» WHAT THE EXERCISE ASKS
Without any images, write the listing below out word for word.

◆ ◆ ◆ ◆ ◆

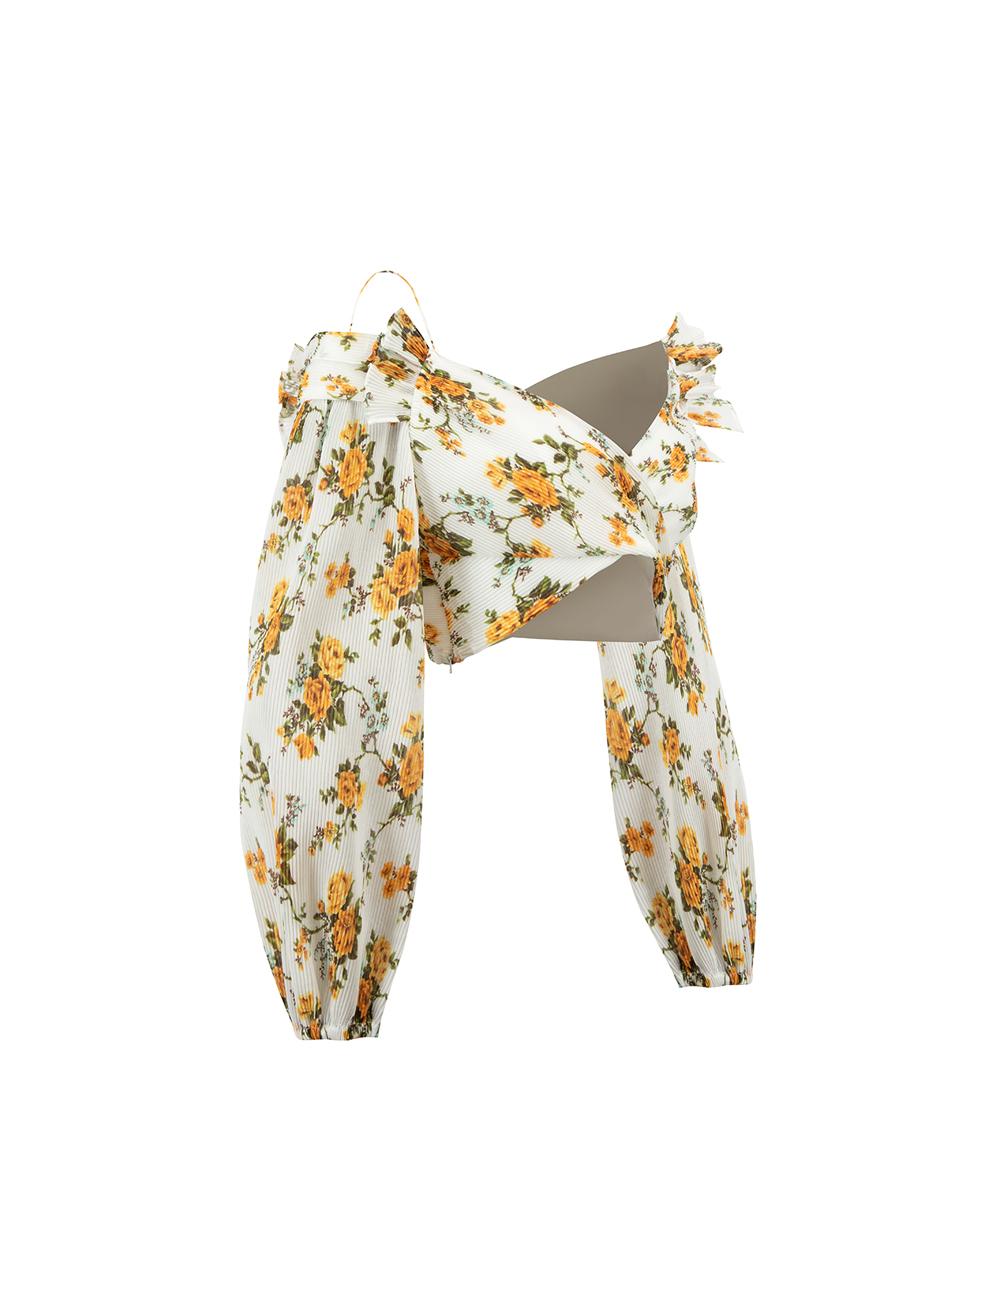 CONDITION is Very good. Hardly any visible wear to top is evident on this used Zimmermann designer resale item. 



Details


White and yellow

Polyester

Cropped top

Floral print pattern

Pleated accent

V neckline

Asymmetric detail with
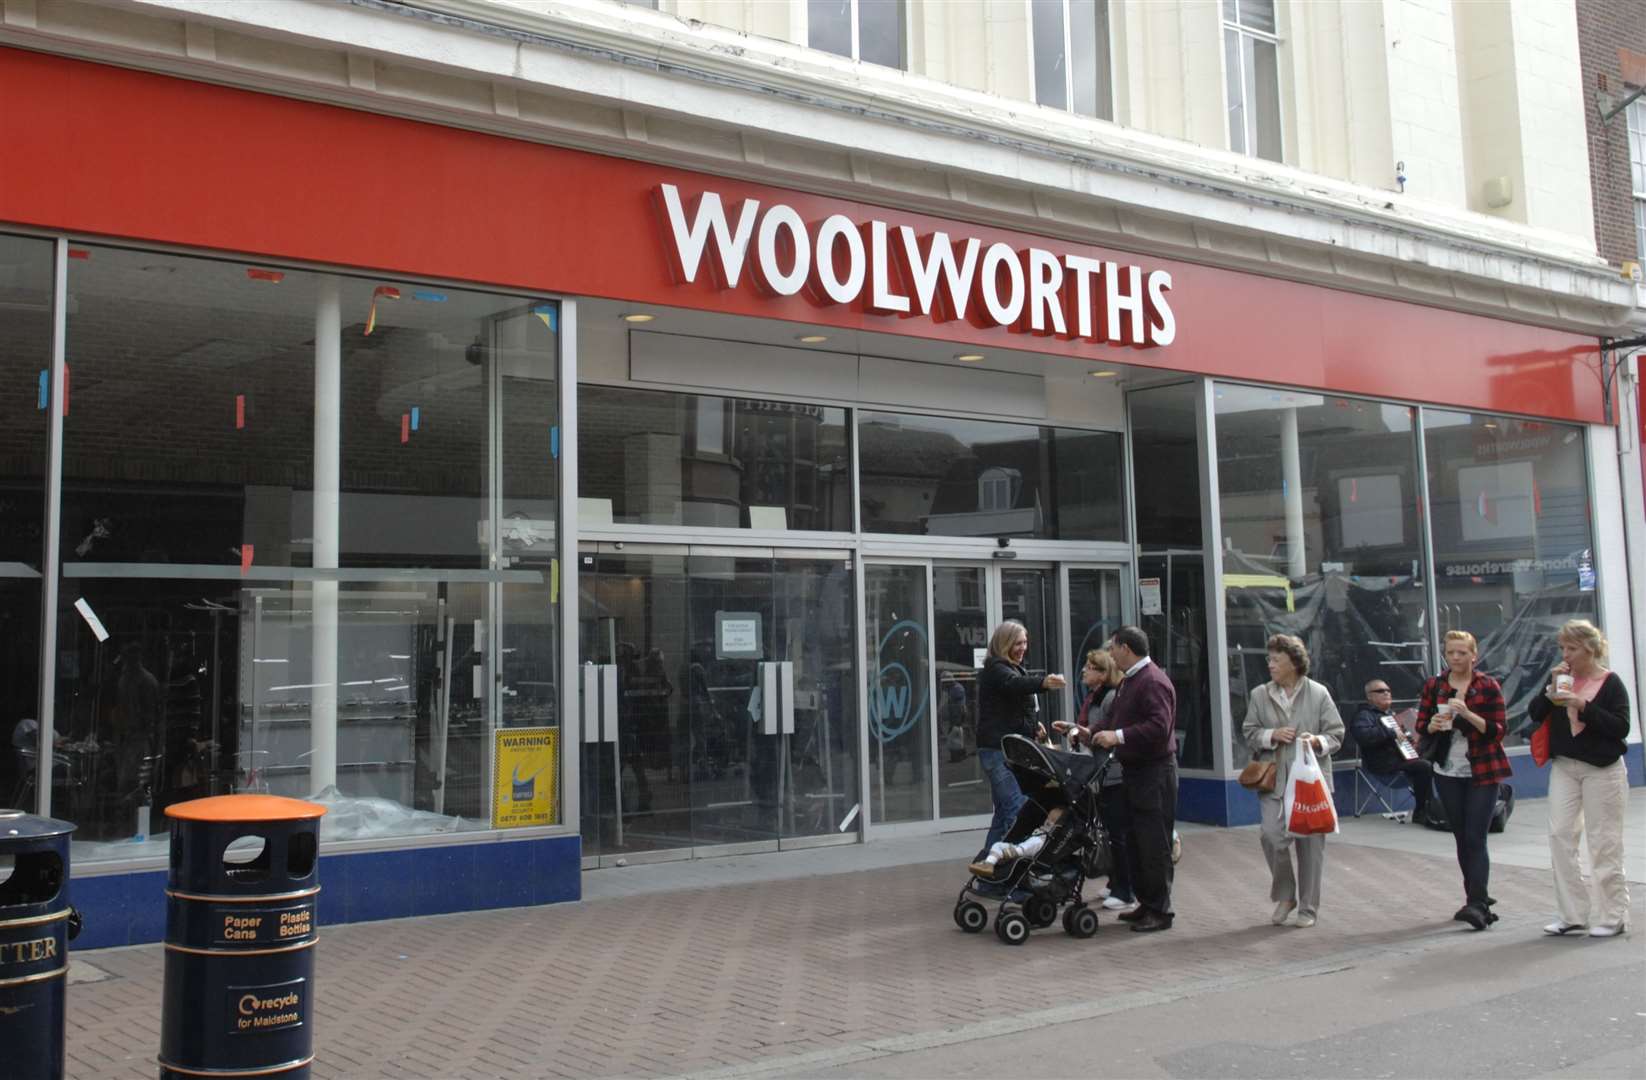 Woolworths reportedly introduced the concept of pick and mix

◆ ◆ ◆ ◆ ◆

» ANSWER TO THE PROBLEM
 CONDITION is Very good. Hardly any visible wear to top is evident on this used Zimmermann designer resale item. 



Details


White and yellow

Polyester

Cropped top

Floral print pattern

Pleated accent

V neckline

Asymmetric detail with
 Woolworths reportedly introduced the concept of pick and mix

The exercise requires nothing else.